FACES OF DOCUMENTARY: TRUE/FALSE 2008

A few flickers of the long Leap Day weekend that was True/False 2008: in its fifth edition, the Columbia, Missouri-set nonfiction festival began with the traditional grand march through town, led by “punk marching band” Mucca Paaza. Images of swamis and Diane Arbus pictures danced in the streets.

Gregory O’Toole and Rivkah Beth Medow show their jaw-dropping doc Sons of a Gun as a work-in-progress.
Alex Gibney was fresh off his Oscar win for Taxi To The Dark Side.
True/False is great at ferreting out films too good to be overlooked; one of them was the premise-violating whirlwind, Forbidden Lie$, by blunt Aussie director Anna Broinowski, seen at a panel.

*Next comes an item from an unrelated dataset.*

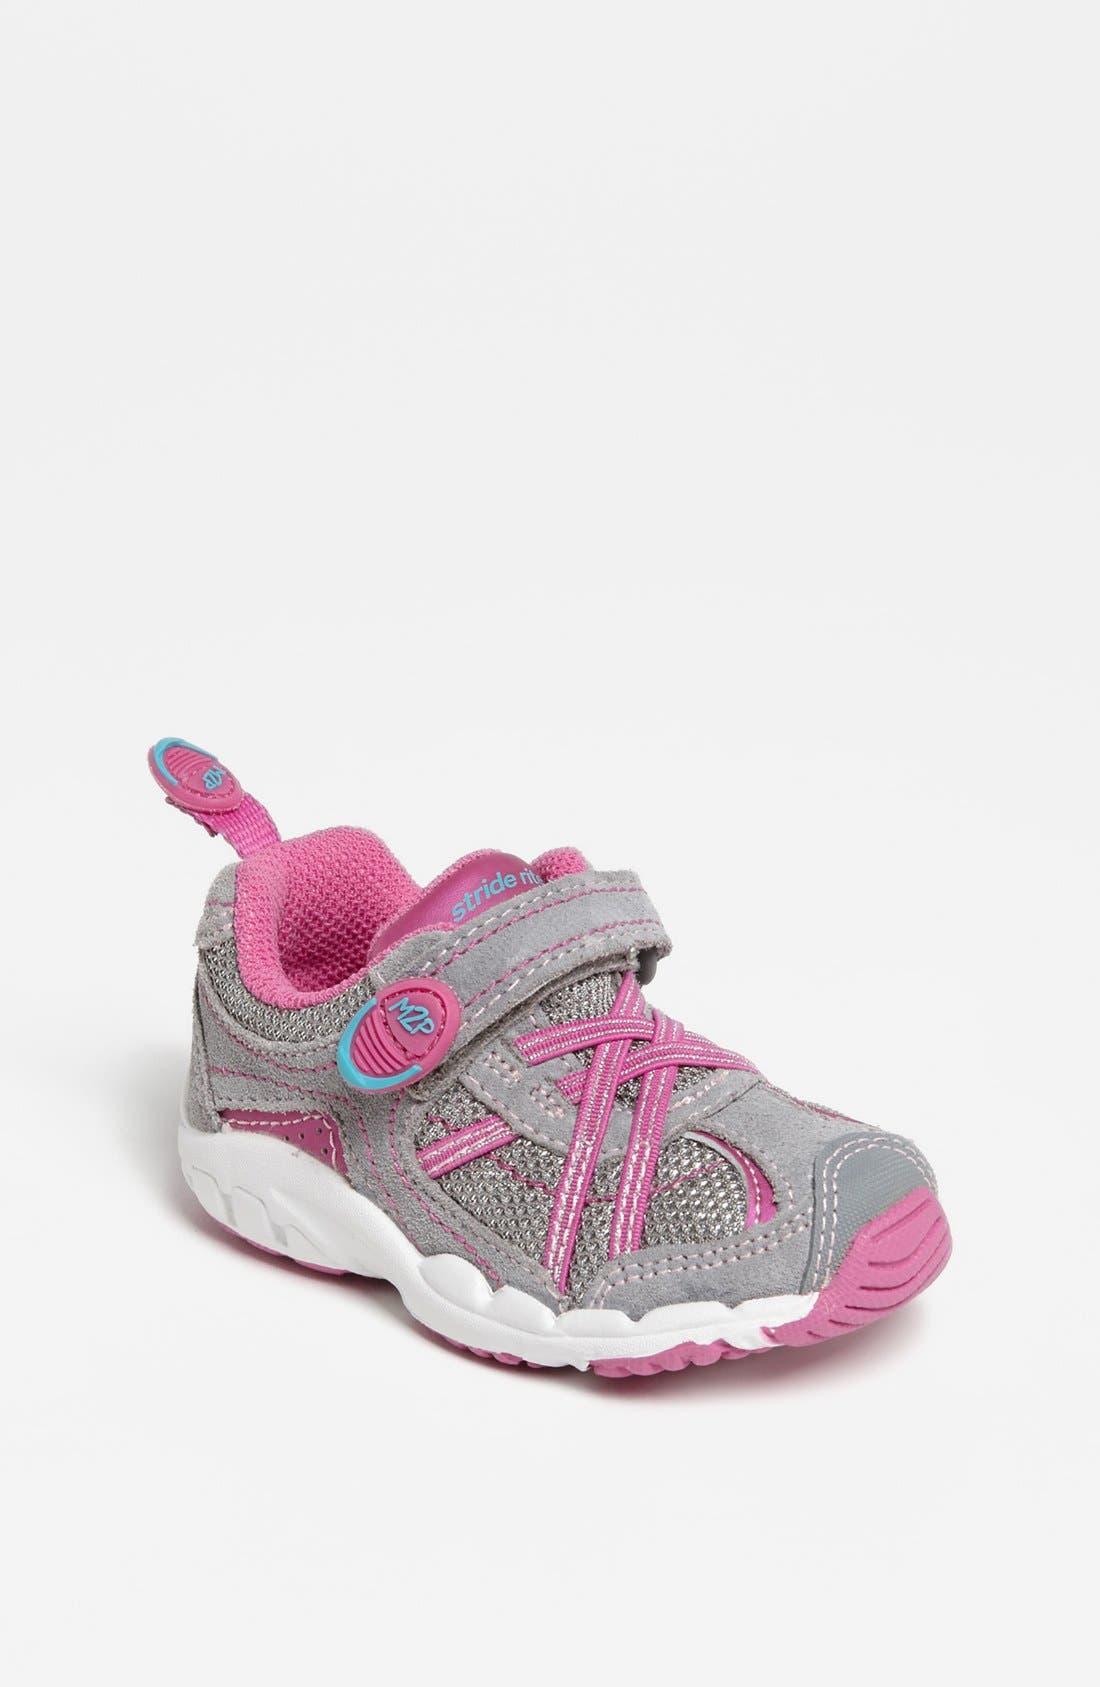 Alternate Image 1 Selected - Stride Rite 'Made 2 Play™ - Kathryn' Sneaker (Baby, Walker & Toddler)
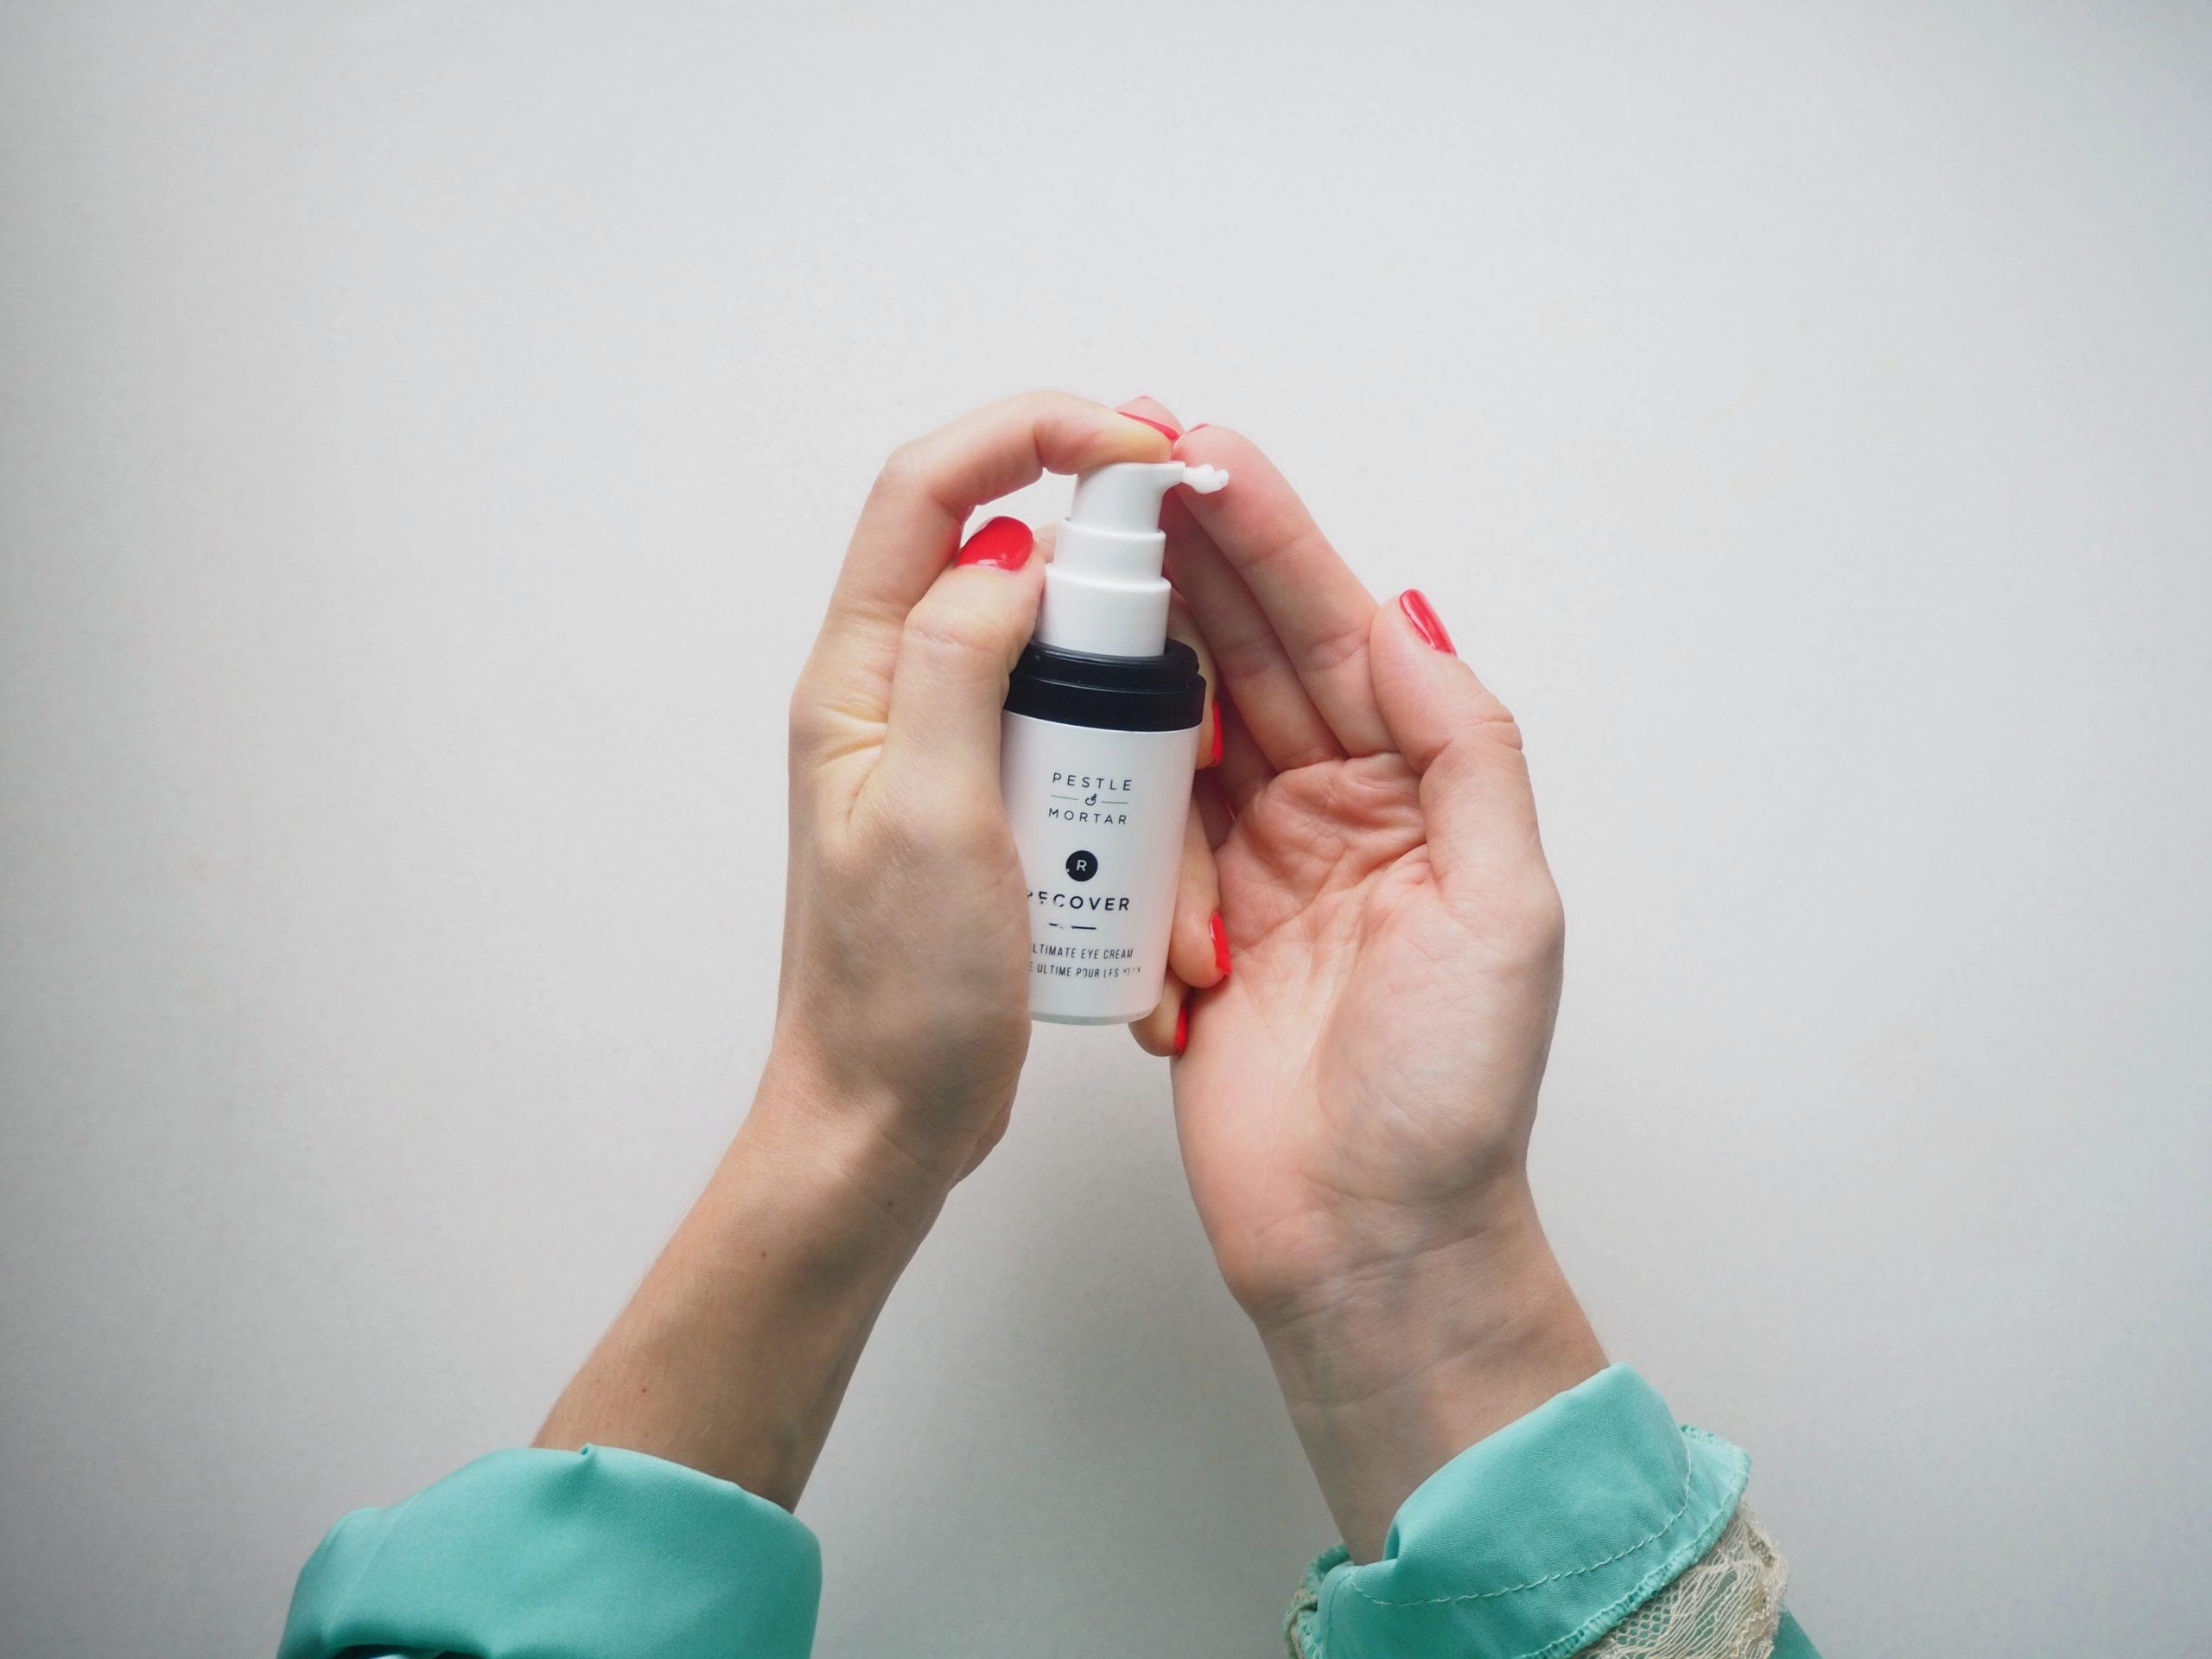 Review: Creme de olhos hidratante Pestle & Mortar Recover Eye Cream

The festival calls its advisors-to-filmmakers “swamis”; while donning the golden turban, in memory of Columbia’s own true-false footnote to space-age lounge music Korla Pandit, is optional, Peter Broderick went full swami while taking questions about distribution models.

Ubiquitous festival co-founder David Wilson at the freshly christened Ragtag Cinema…
And Wilson with director James Marsh before closing night’s Man on Wire.
Once more, with feeling, Mucca Pazza.